Мне приходилось читать в разном изложении и слышать свидетелей того, как это выглядит. Но самой не везло. Поэтому, наблюдая, как в шкуре Белой Горы появляется отверстие размером с дверь, и Маху мягко засасывает внутрь, я одновременно запоминала детали и сравнивала происходящее с описаниями. На то, чтоб бояться, меня не хватило.

Да и чего тут бояться? Все возвращались целыми и невредимыми – и полными впечатлений.

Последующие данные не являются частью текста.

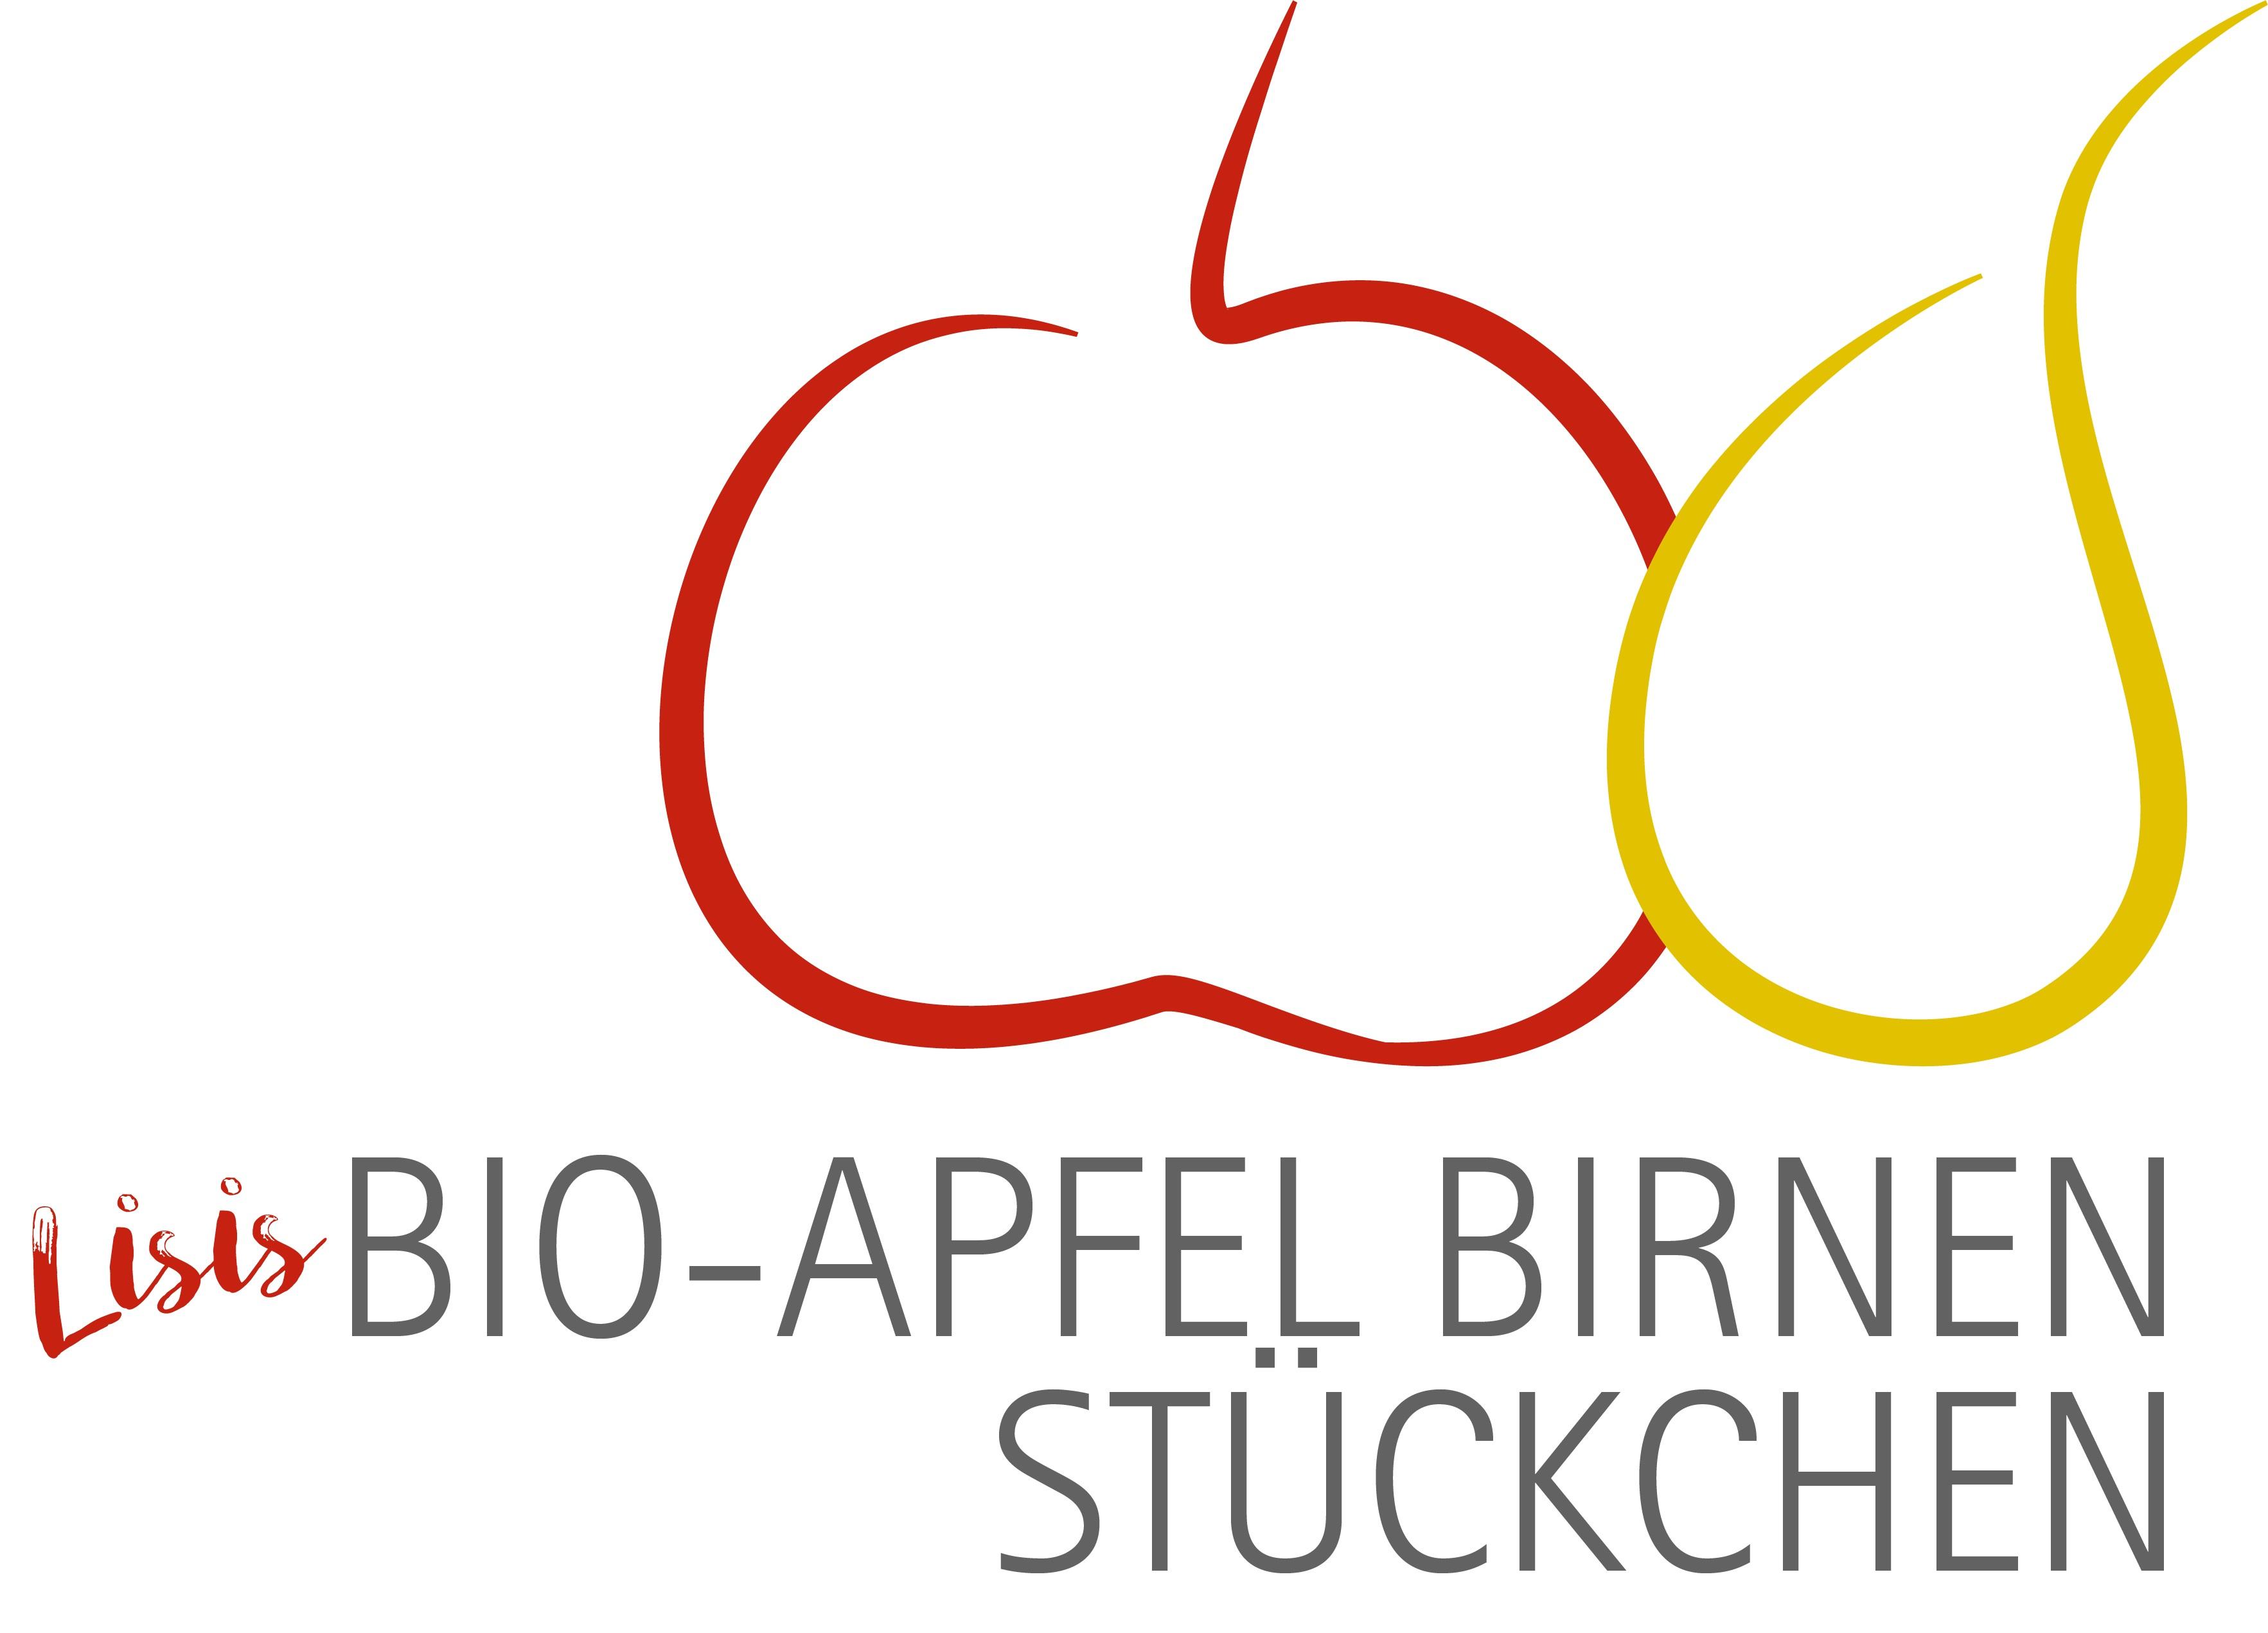 schweighofer_produktlogos-stuecke-apfel-birne_201218

Отойдя к крытому столу, я достала из ларца песочные часы. Пока сыпался первый песок, извлекла толстую книгу наблюдений, чернильницу и перо.

«Возможно, ради таких случаев и представляются, – догадалась я, фиксируя сегодняшнее число, имя Махи и себя, свидетельницу, – поэтому к Белой нельзя ходить без сопровождающего! Не из-за опасности. А чтоб было, кому записывать подробности и отмерять минуты. Чтоб был кто-то, кто умеет фиксировать, а не стоять столбом, разинув рот».


Забирают, как правило, часа на два с половиной – и в пятый раз перевернув прибор, я приготовилась. И торговку, разумеется, вернули: на стене опять возникло отверстие, и Белая аккуратно выплюнула потрясённую Маху.


– Ну как? – просила я, протягивая флягу: сильная жажда наблюдалась у большинства вознесённых.

Маха напилась, вытерла губы тыльной стороной ладони.

– Это что-то! – выдохнула она. – Такая высота – выше птиц! И всё видно! Когда меня поднимали, я видела мир вокруг, и при этом знала, что я внутри!

– Да, это здорово, – спокойно согласилась я.

– А сколько меня не было?

– Чуть меньше трёх часов.

– Так долго?! Всё так пролетело!

«Фактическое время отсутствия отличается от впечатлений вознесённого – для него проходит порядка пятнадцати-двадцати минут», – отмечали записи. Но Махе это было бы неинтересно!


– А ты была? – спросила она, доставая ещё конфеты.

– Нет. Я вообще первый раз присутствую, когда кого-то забирают.

Она посмотрела на меня с некоторым смущением.

– Извини.

– Ничего. Поздравляю! Значит, хорошая у тебя история.

– Извини, – повторила она.

– Не за что извиняться, – улыбнулась я. – Я бы хотела побывать наверху в сезон дождей, когда туда молнии бьют. Но в сезон дождей она ни разу никого не впускала. А так… Ну, что я там не видела? Небо, просто небо.